Records provided Start Marker

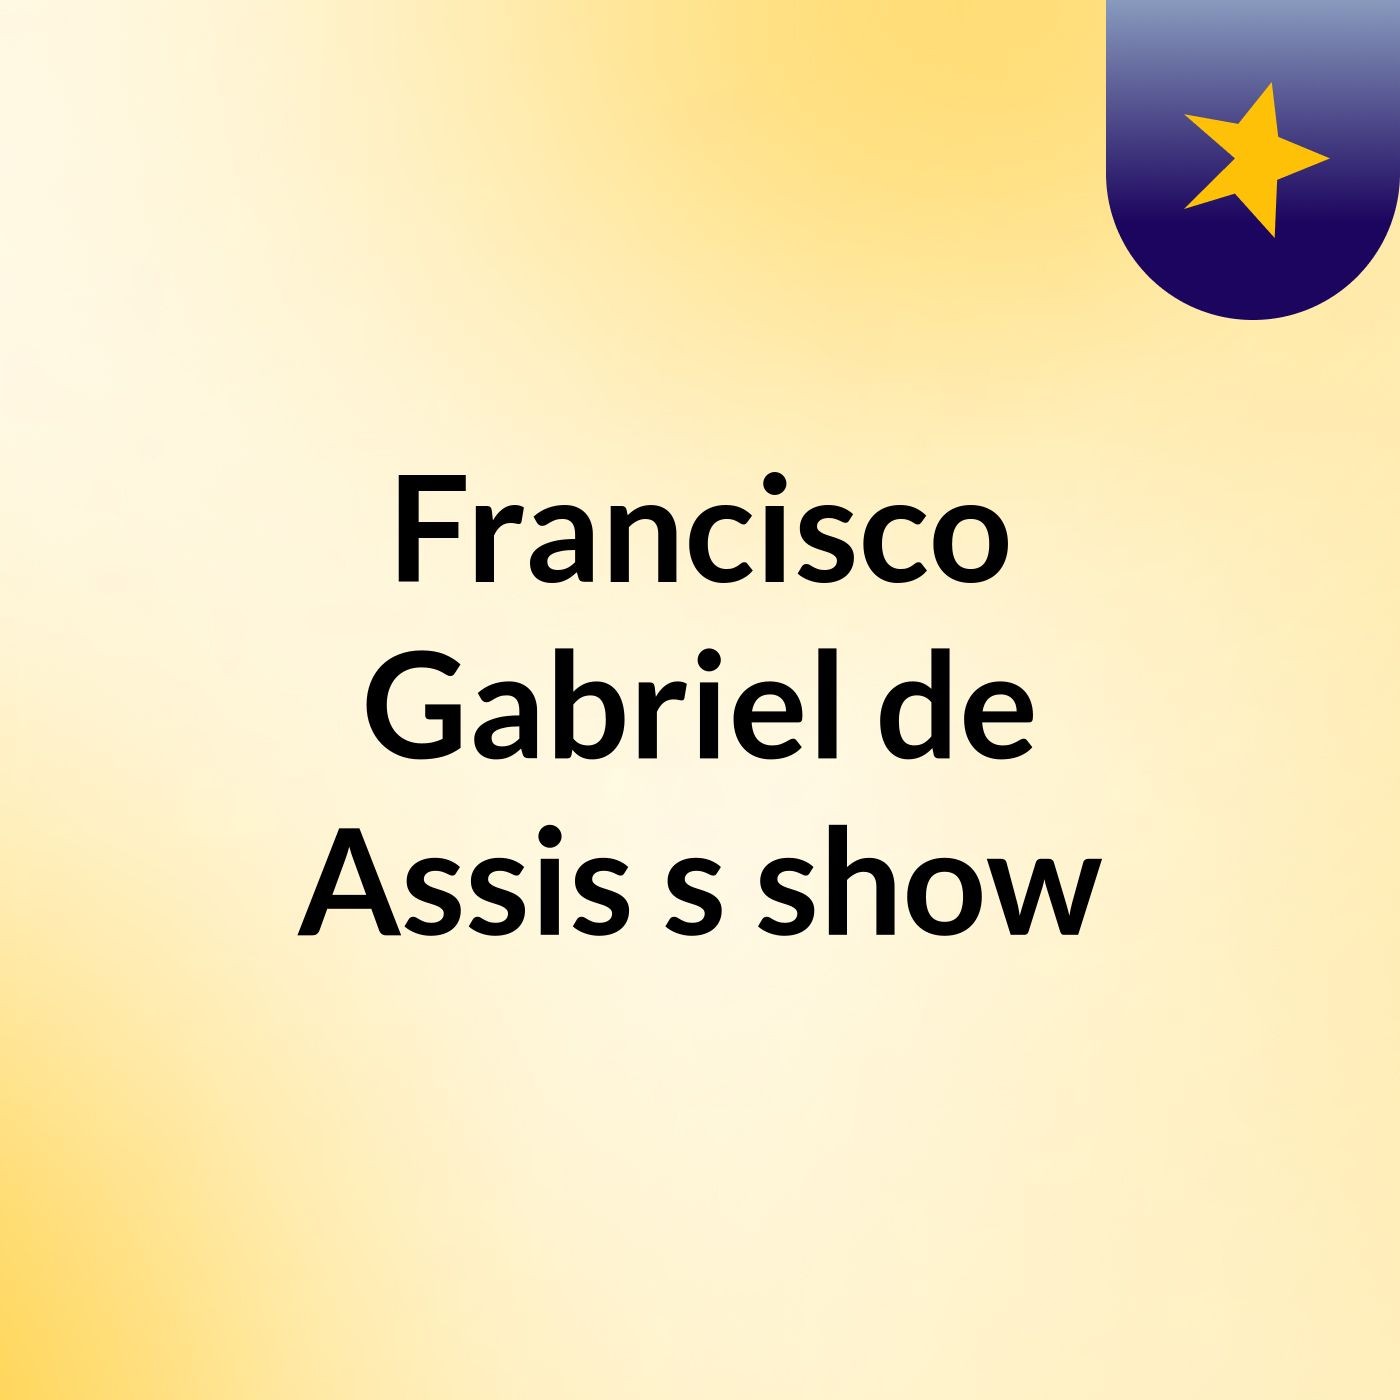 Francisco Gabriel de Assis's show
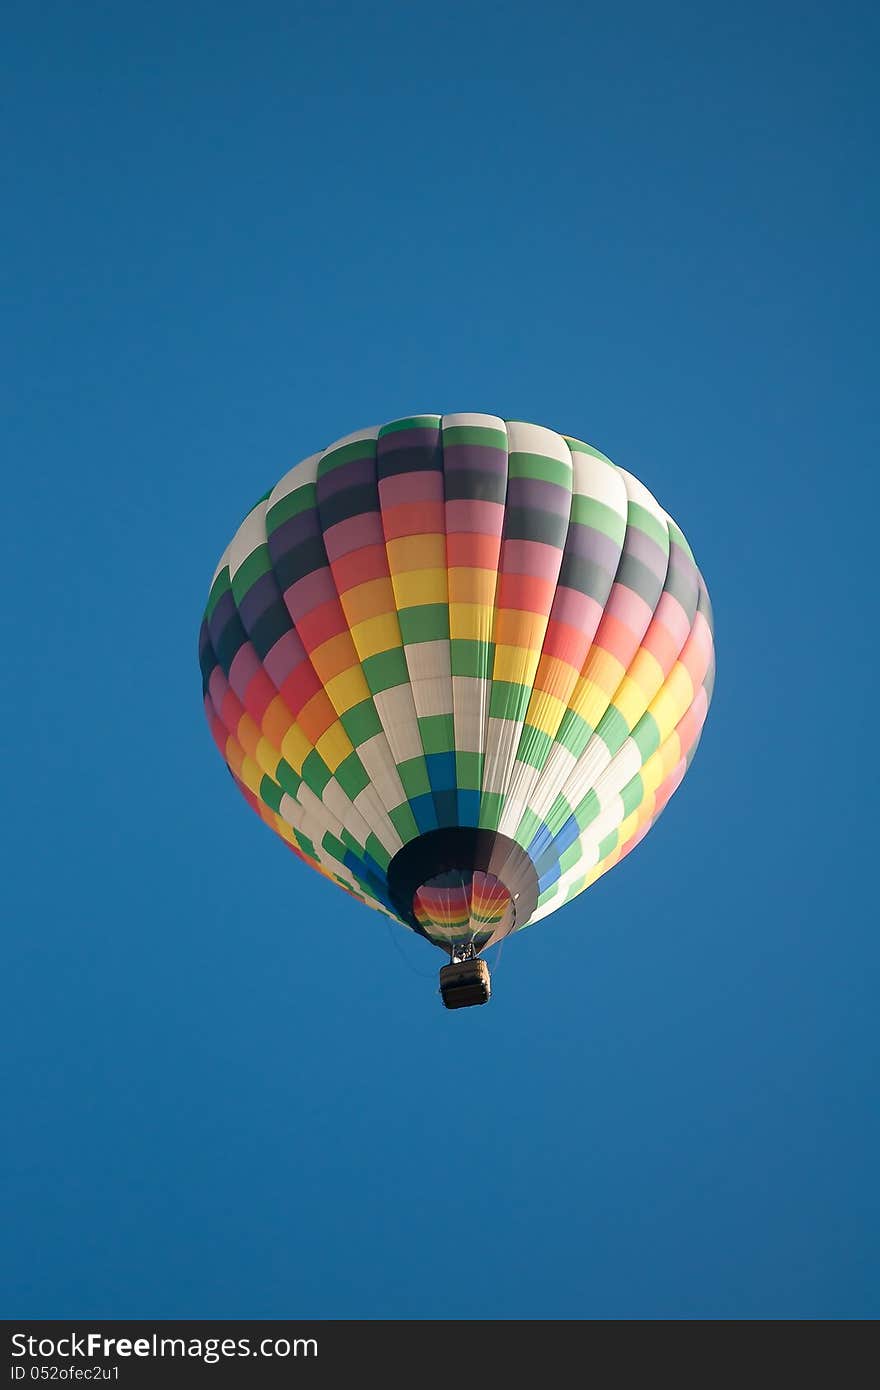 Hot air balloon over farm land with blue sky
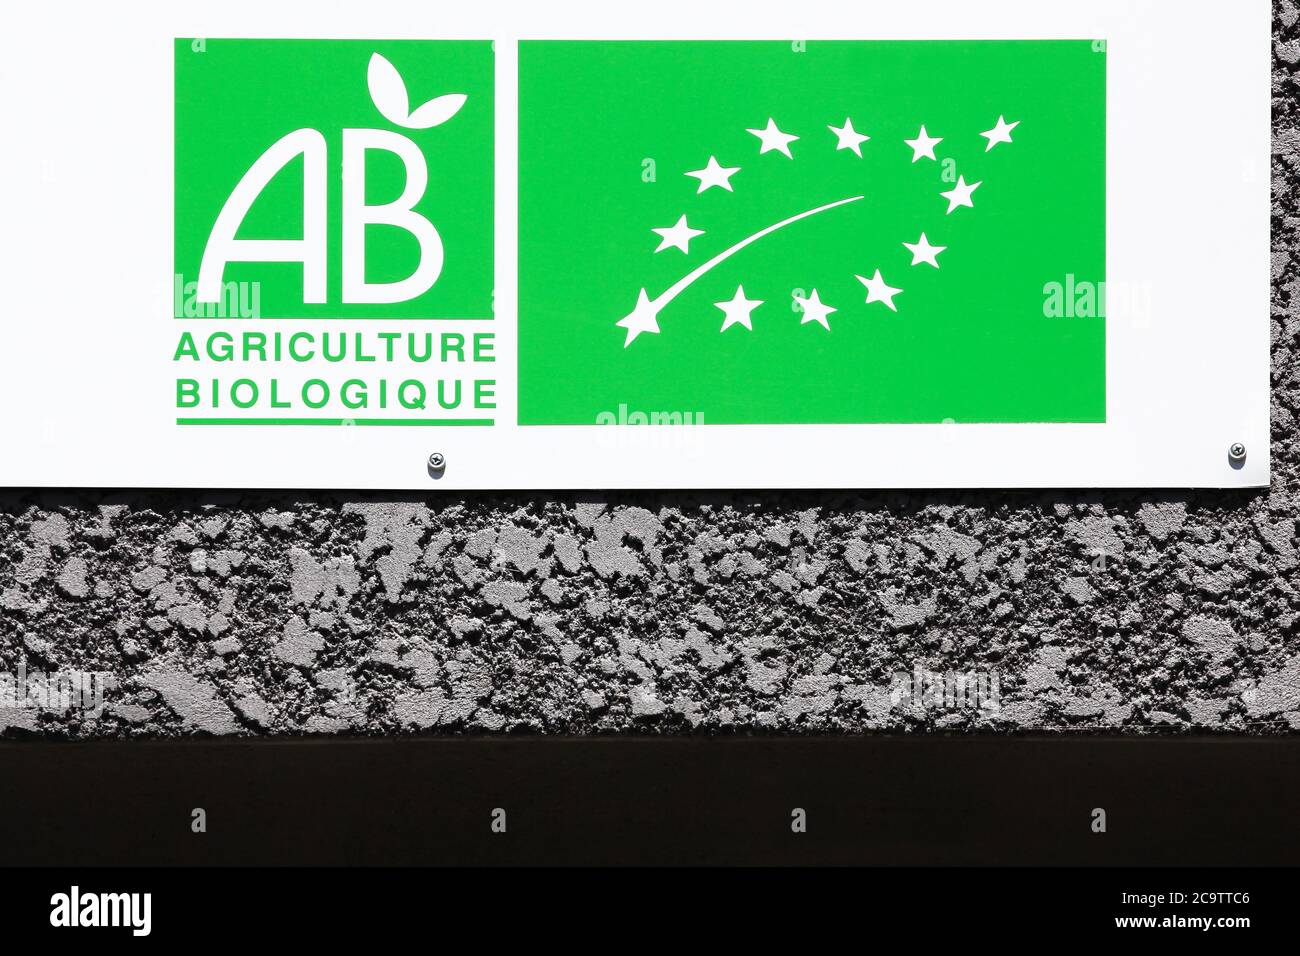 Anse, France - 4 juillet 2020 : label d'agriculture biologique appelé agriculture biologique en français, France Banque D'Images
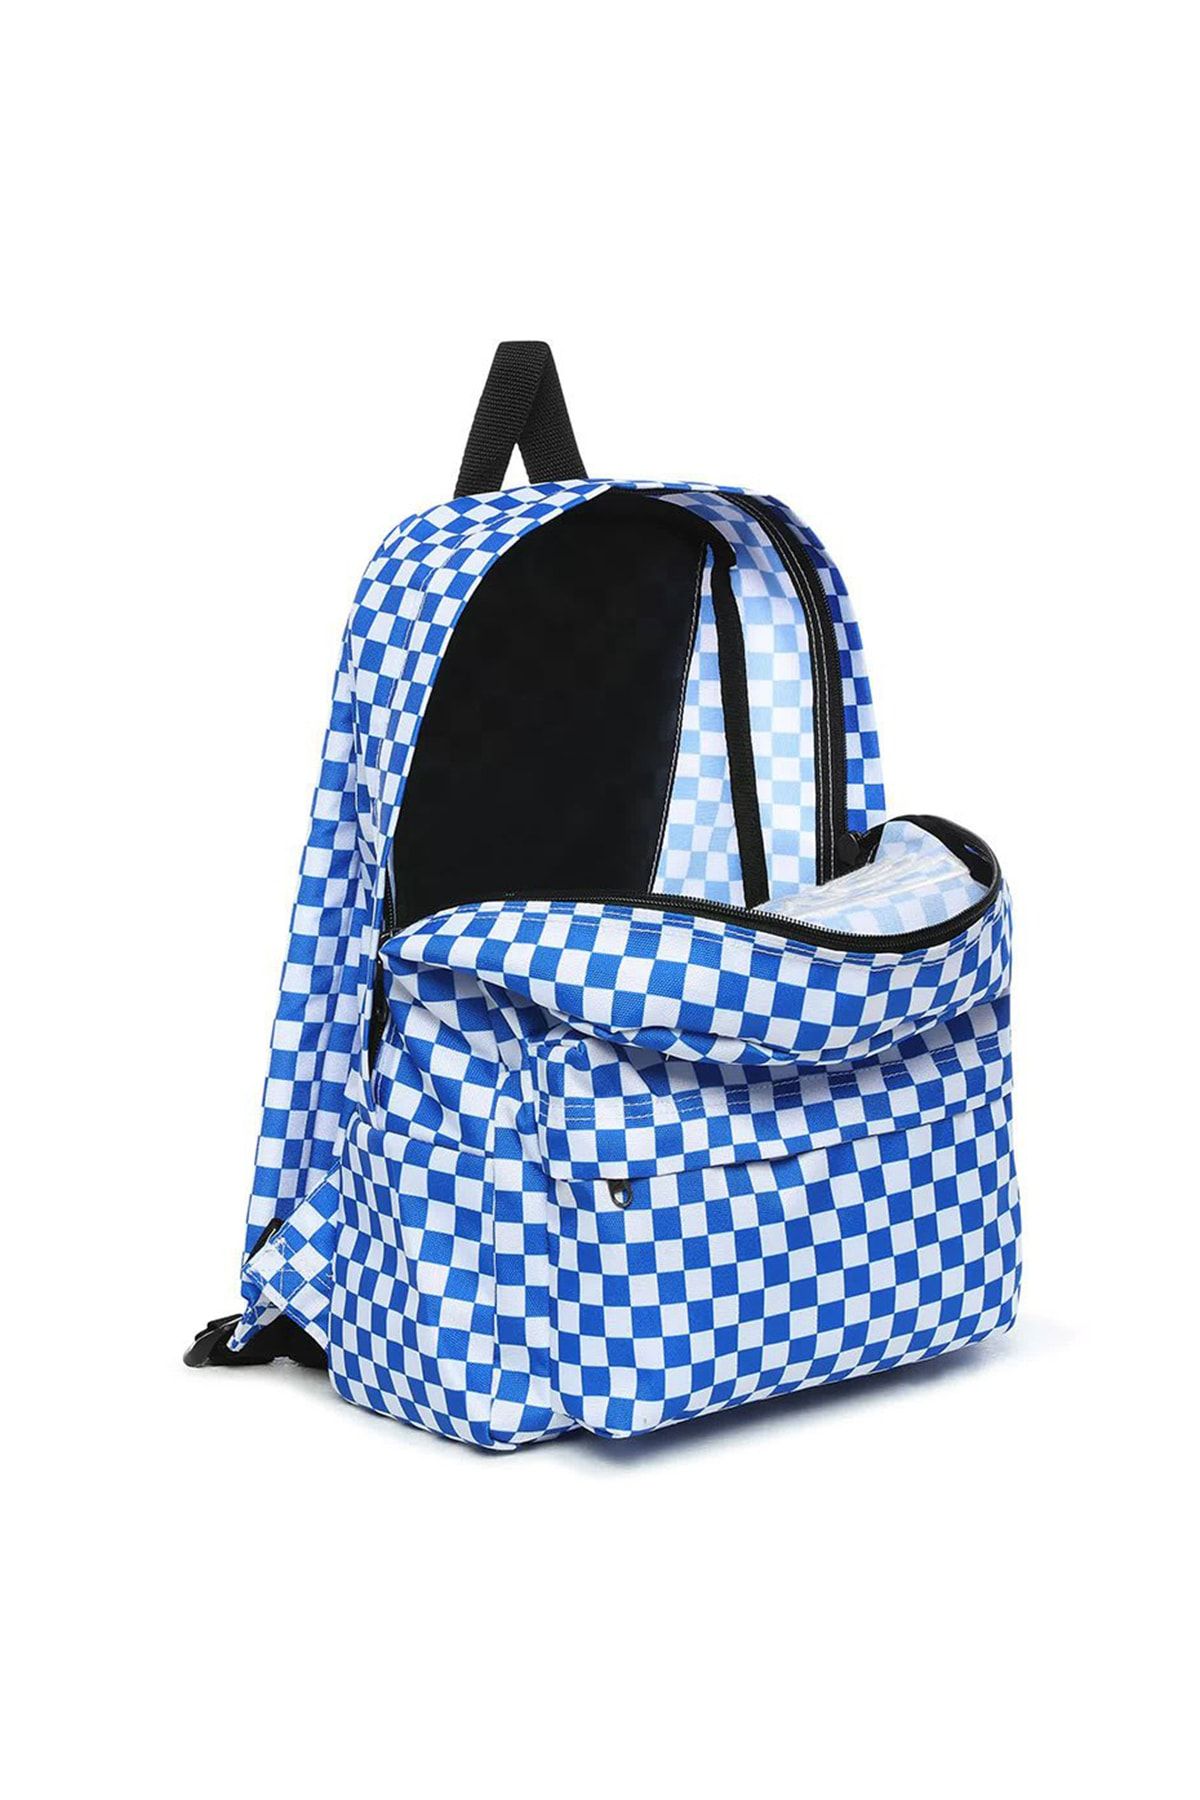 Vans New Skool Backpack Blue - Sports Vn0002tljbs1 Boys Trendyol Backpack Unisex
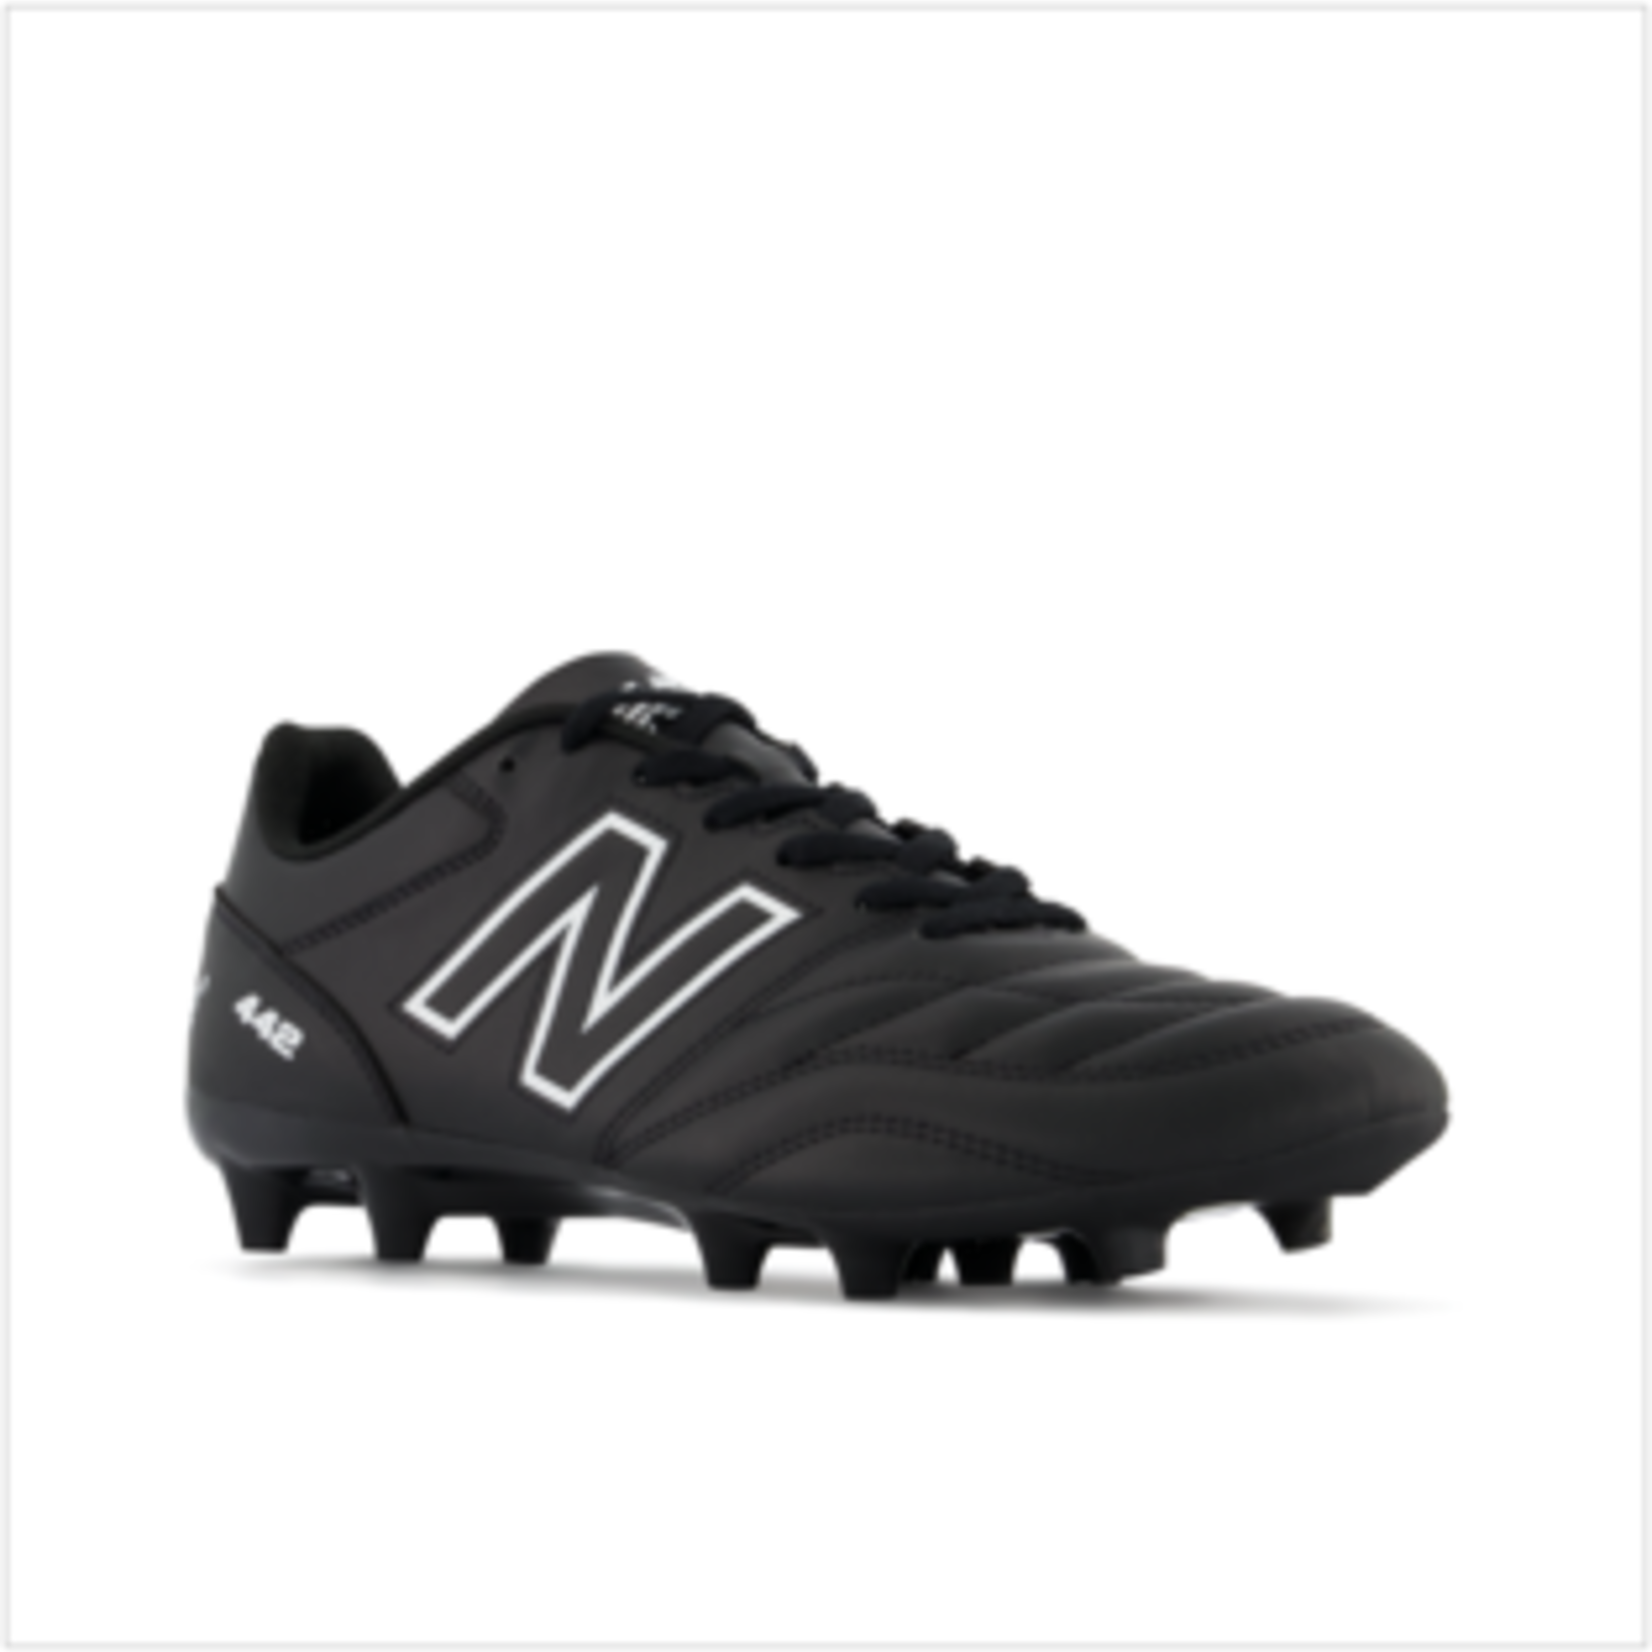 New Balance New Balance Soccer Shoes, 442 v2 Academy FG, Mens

Records provided End Marker

[Exercise aim]
Word for word, give back each entry from above, but skip any picture.

[Solved problem]
 Francisco Gabriel de Assis's show
 Hot air balloon over farm land with blue sky
 Anse, France - 4 juillet 2020 : label d'agriculture biologique appelé agriculture biologique en français, France Banque D'Images
 Vans New Skool Backpack Blue - Sports Vn0002tljbs1 Boys Trendyol Backpack Unisex
 New Balance New Balance Soccer Shoes, 442 v2 Academy FG, Mens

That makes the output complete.